Review of Simple Diffusion
1) Simple diffusion does not use external energy. Non-polar or hydrophobic
substances, water, small polar molecules go in or out of a cell following
concentration gradients.
a) Passive
b) Passes across bilayer
2) Other processes are protein mediated transport, and can move any kind of
molecule.
Protein Mediated Transport
1. Membrane proteins assist in (mediate) the transport of substances across a
lipid bilayer.
a. Most molecules in body are non-penetrating: lipophobic, ions, charged,
large.
b. Channels (solutes move by diffusion)
c. Facilitated diffusion
d. Primary active transport (requires external source of energy, ATP)
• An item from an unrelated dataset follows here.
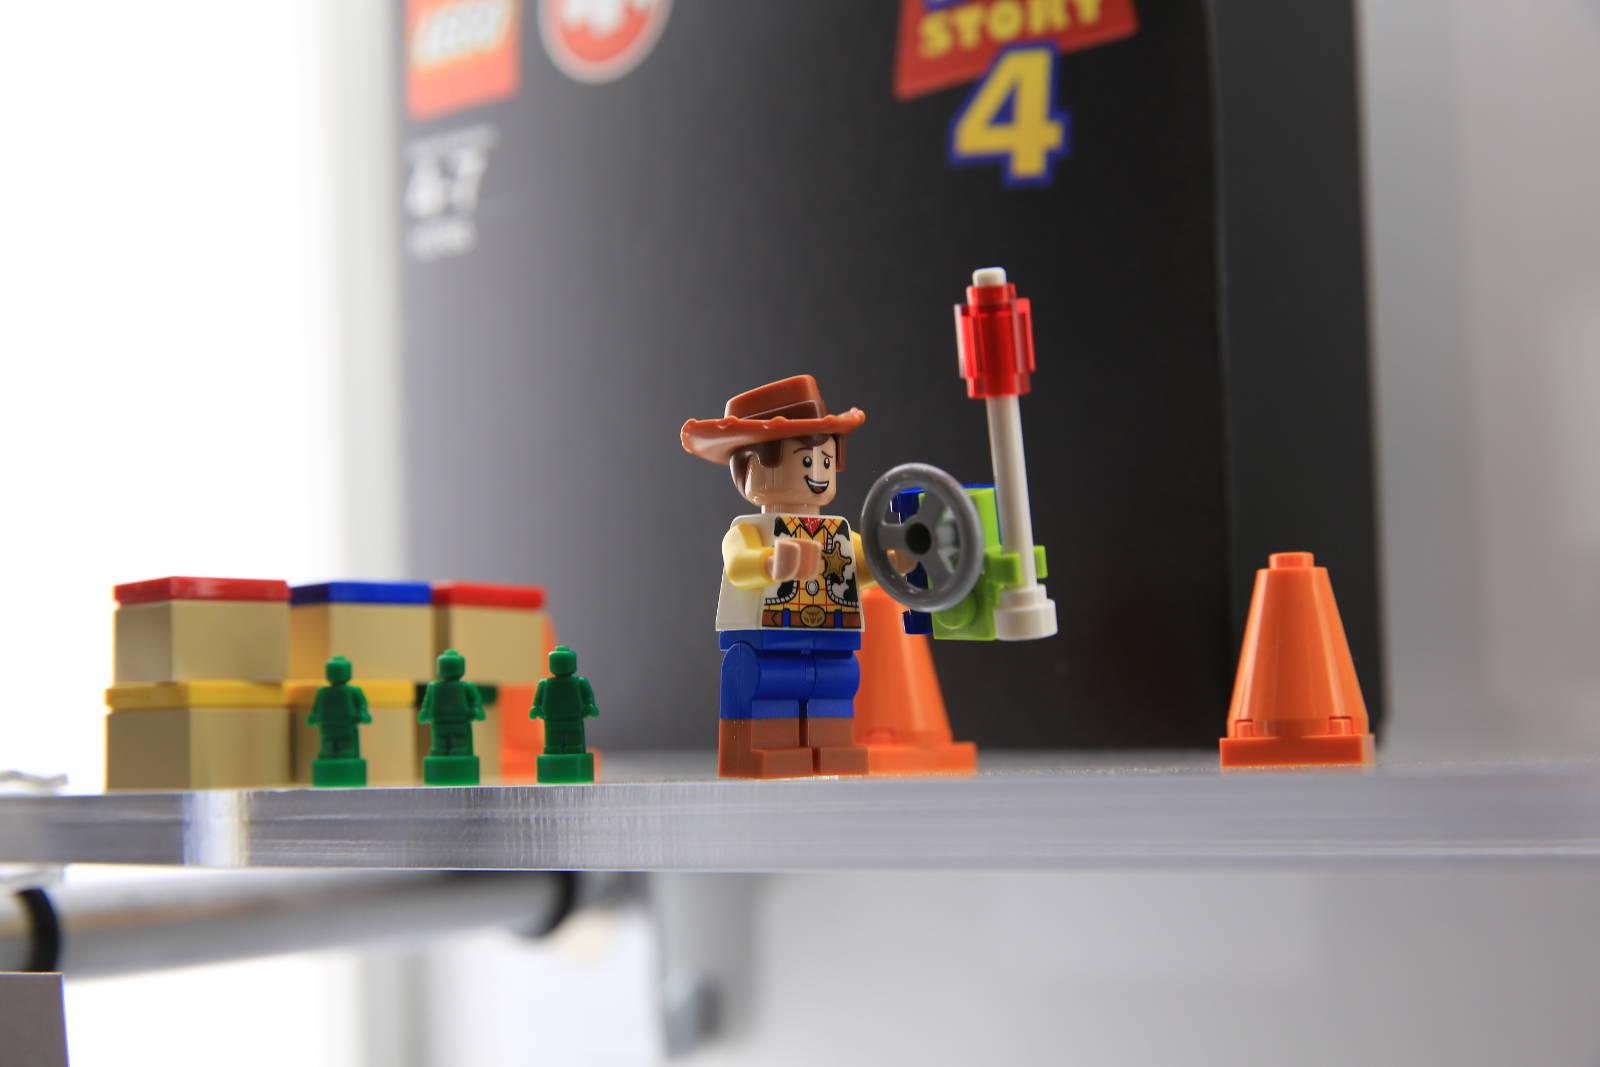 Woodys Rv World >> Toy Fair 2019: LEGO Toy Story 4 Preview - FBTB

e. Secondary active transport
Channel Proteins
1. Ions use membrane channels.
2. Channels proteins span a membrane, transmembrane, forming pores
a. Do NOT bind substance passing through
1. Channels still allow cell membranes to be selectively permeable.
a. Pore diameter can exclude substances.
b. Charge of amino acids lining the pore can inhibit like-charged ions.
c. Channels can be open or closed.
2. Channel gating is the regulation of channel opening: Does not control rate or
direction of solute movement, still follows concentration gradient
a. Gating stimuli
1. voltage gated channel, change in voltage
2. Chemically or ligand gated channel (change in pH or binding a
substance)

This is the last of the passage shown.